In the night she moans with the voice of the stream below my window, searching for the child whose touch she once felt and can never forget: the child who obeyed the laws of life better than she. But by day she obeys the voice of love as the stricken obey their god, and she walks with the light step of hope which only the naïve and the saints know. Her shoulders have always the attitude of grieving, and her thin breasts are pitiful like Virgin Shrines that have been robbed.
How can I speak to her? How can I comfort her? How can I explain to her any more than I can to the flowers that I crush with my foot when I walk in the field? He also is bent towards her in an attitude of solicitude. Can he hear his own heart while he listens for the tenderness of her sensibilities? Is there a way at all to avoid offending the lamb of god?

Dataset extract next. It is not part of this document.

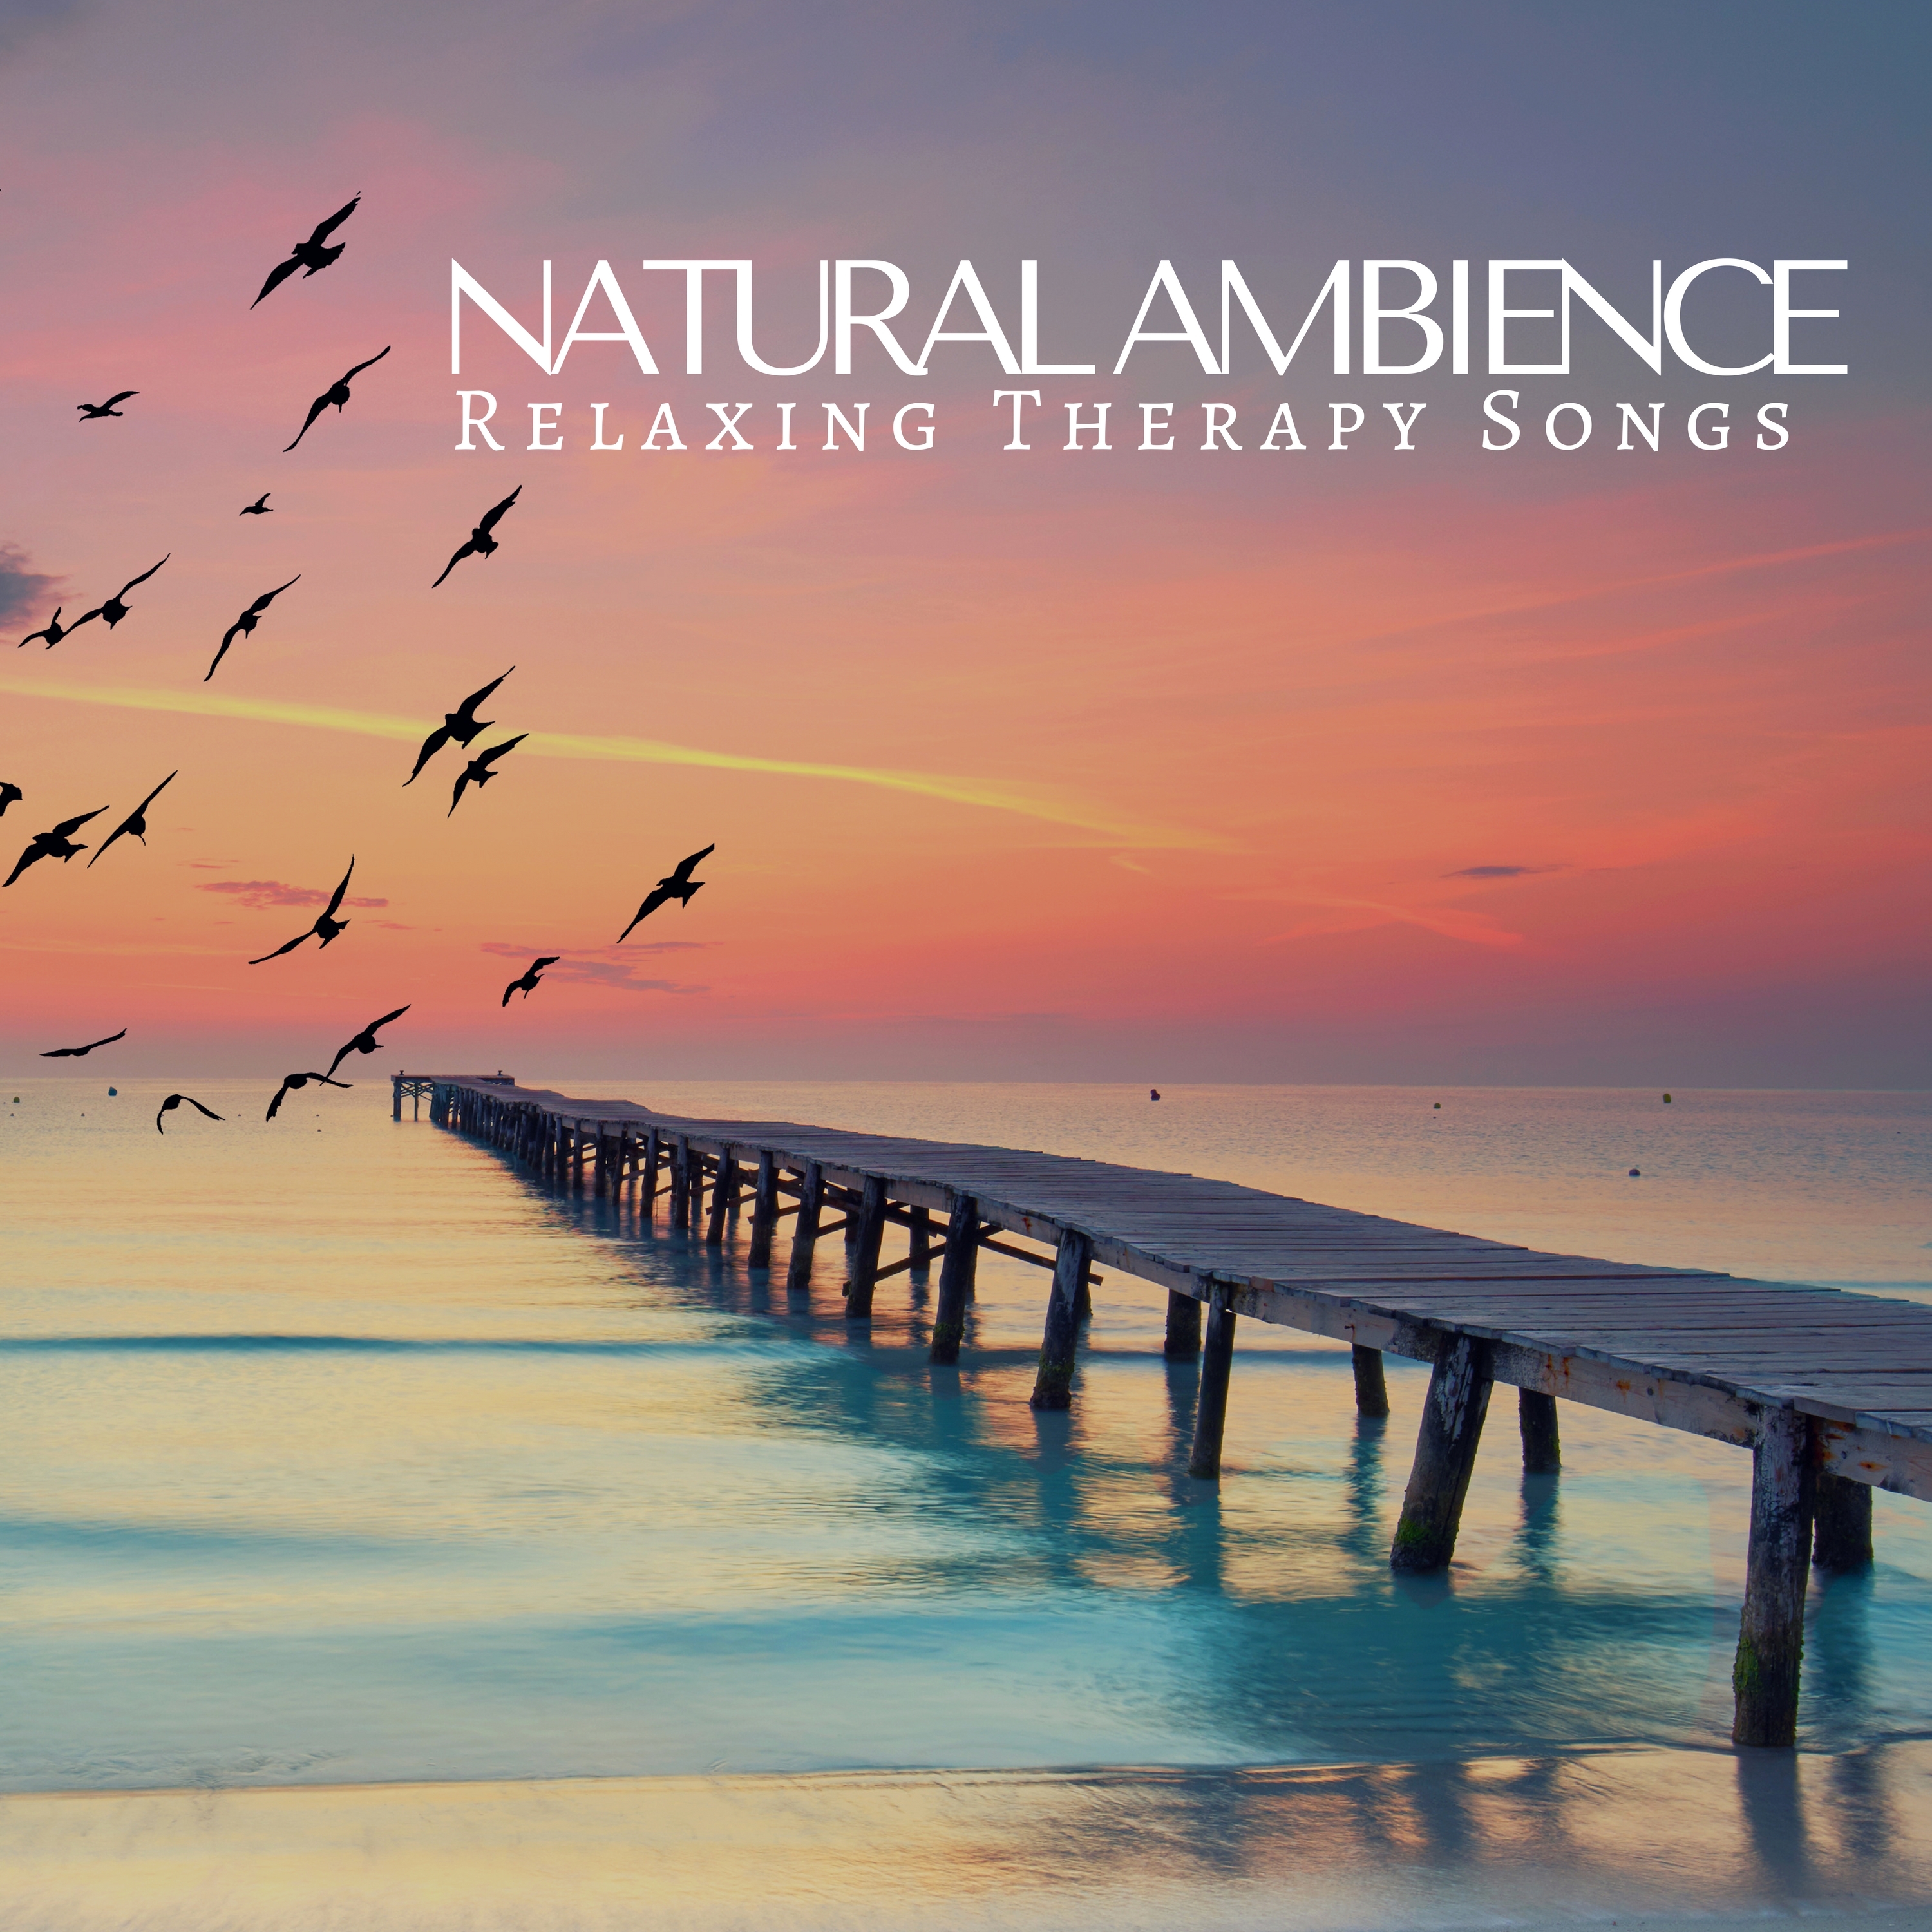 Natural Ambience: Relaxing Therapy Songs, Yoga Meditation, Spa, Massage, Soothing Sounds for Sleep

Under the waterfall he surprised me bathing and gave me what I could no more refuse than the earth can refuse the rain. Then he kissed me and went down to his cottage.
Absolve me, I prayed, up through the cathedral redwoods, and forgive me if this is sin. But the new moss caressed me and the water over my feet and the ferns approved me with endearments: My darling, my darling, lie down with us now for you also are earth whom nothing but love can sow.